Here are several popular treatment options:

1. Cryotherapy: Freezing the lesion with liquid nitrogen. This is performed in a dermatologist's office. The primary problem with this method is that it isn't fast. By the time the body reacts with an immune response, other crops of lesions may have popped up.

2. Homeopathic Remedies: These abound on popular parenting forums and websites. Most include some sort or bandage, wart removal, or other creams. These treatments certainly won't harm your child, but may not speed the elimination of the virus.
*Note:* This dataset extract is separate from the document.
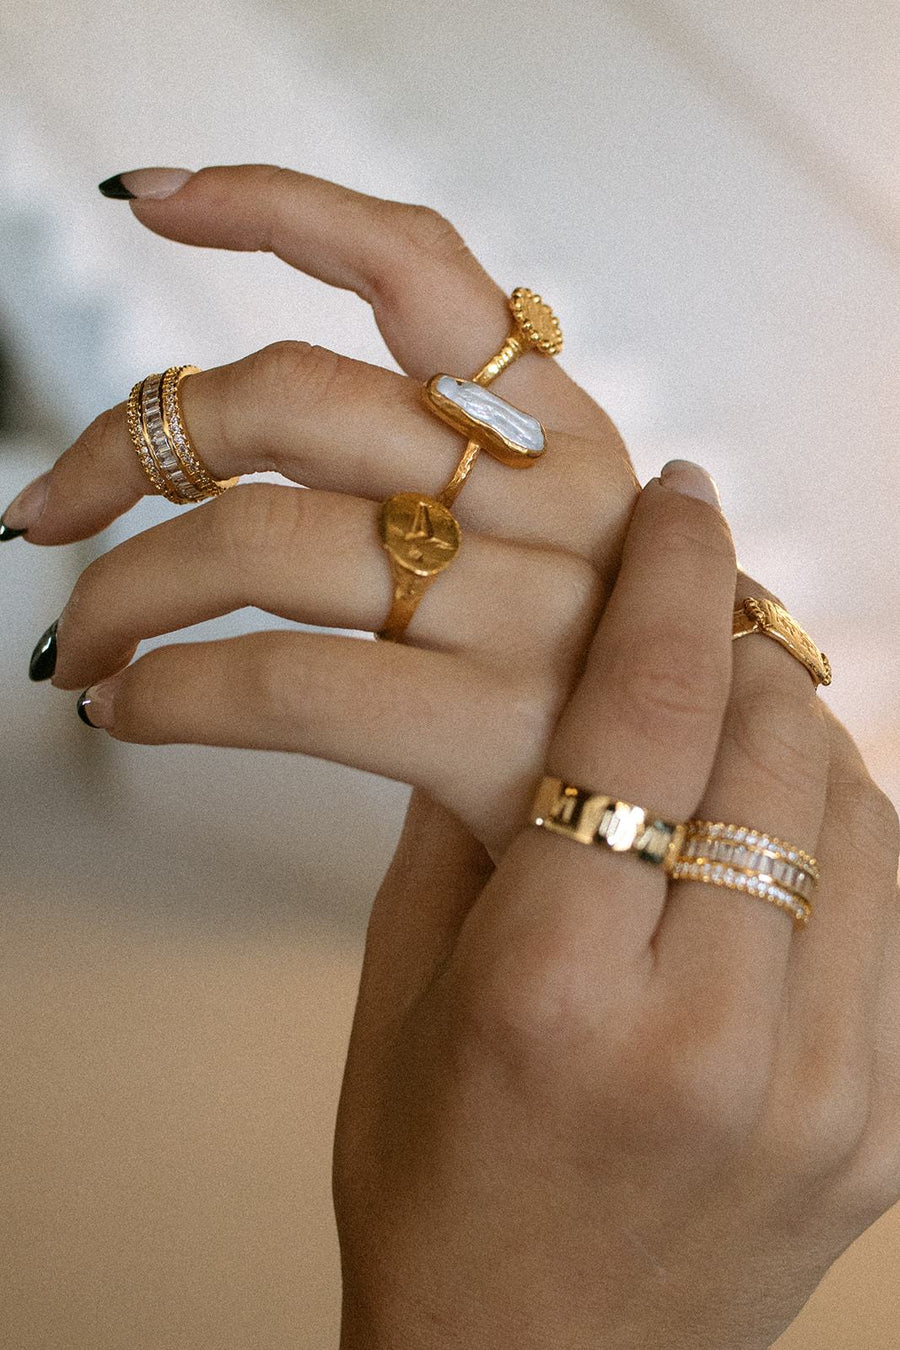 Cleopatra's Bling Jewelry Peristera Ring

3. Cantharone. It is a blistering agent that can only be administered in a doctor's office. A drop is placed on each lesion. Within several hours, a blister will form, initiating an immune response from the body to the site of the lesion. The virus is active inside the lesion. In order to prevent spreading, you may be instructed to pop each blister with a sterile pin, to ensure that no liquid erupts if it were to pop on it's own. Each blister can then be applied with a topical antibiotic ointment and re-bandaged.

The advantage to Cantharone is that it is fast and effective. Though mildly uncomfortable, within several days, each lesion will become a scab. The fast treatment prevents the virus from spreading to other places. Since the virus lives only on the skin, eradicating any active lesions essentially stops the virus.

Other treatments are slower and by the time the treated lesion has disappeared, the child usually has spread it to another spot on his or her body through scratching.

If your child has molluscum, ask your doctor about Cantharone as a treatment.